Track 3 – Q3/0011 Lucía Arribas Revilla | Detection and Measurement of Fruits Using Multi-Task Neural Networks

Advisor/s: Ramon Morros (UPC) Abstract:Accurate estimation of fruit size is essential in precision agriculture for yield prediction and quality assessment. This work presents a multitask learning (MTL) approach, MTL-YOLOX, designed to detect fruits and calculate their diameter jointly within a unified framework. Several datasets were used, including images with calibration references, synthetic datasets generated by removing the references with segmentation and filling, and a new dataset of real images without reference. The experimental results show that the proposed architecture achieves stable performance in detection and regression across all datasets. The quantitative results show that the calibration reference approach achieved very high accuracy (mAP@05 = 0.97, R² = 0.98, MAE = 1.4 mm). The proposed MTL-YOLOX model achieved comparable performance on images with reference (mAP@0.5 = 0.97, R² = 0.99, MAE = 1.5 mm), while maintaining high detection accuracy. On real datasets without calibration reference, detection remained robust (mAP@0.5 = 0.94), with diameter estimation achieving MAE = 3.6 mm and R² = 0.93, demonstrating the model’s ability to generalize without explicit calibration references. A case study on starch level estimation further demonstrates its potential for generalization to other agronomic regression tasks. Committee: President: Robert Benavente (UAB) Secretary: Albert Clapés Sintes (UB) Vocal: Carles Ventura Royo (UOC)

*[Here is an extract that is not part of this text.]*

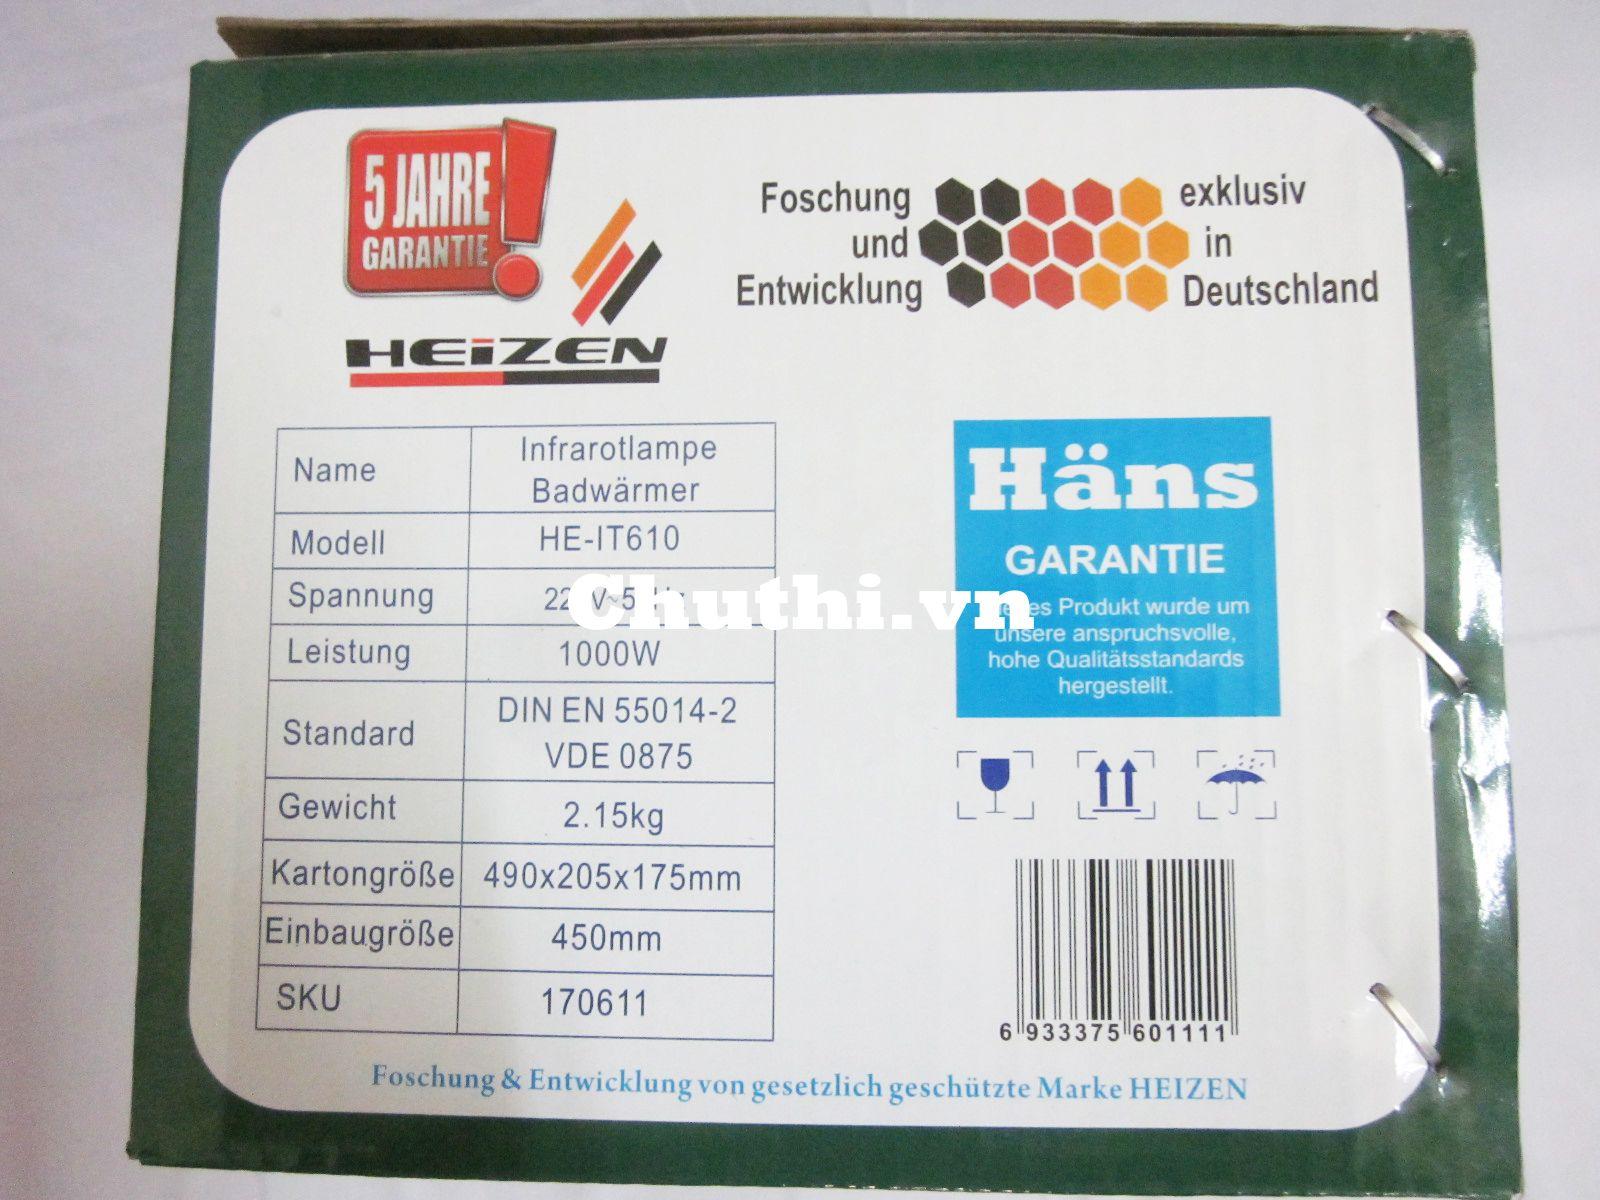 Heizen là dòng sản phẩm cao cấp cửa Hans

Track 4 – Q3/0013 Abril Piñol Chacon | The Role of High-Level Information for Single-View Image Relighting

Advisor/s: Javier Vazquez Corral (UAB), Ramon Baldrich Caselles (UAB) Abstract: In recent years, image relighting has emerged as a challenging task in computer vision, with applications in augmented reality, film production, photographic editing, and related fields. This thesis investigates the role of high-level scene information, such as depth and surface normals, in single-image relighting, exploring several strategies for their integration. To this end, we evaluate two main architectures: convolutional neural networks, which have traditionally been the dominant approach, and transformer-based models, which are increasingly demonstrating strong potential. Comparisons on both synthetic and real datasets show that transformers consistently outperform CNNs, while the naive incorporation of geometric cues offers only limited improvements, underscoring the need for more effective integration methods. Committee: President: Ismael Benito-Altamirano (UOC) Secretary: Joost van de Weijer (UAB) Vocal: Hunor Laczko (UB)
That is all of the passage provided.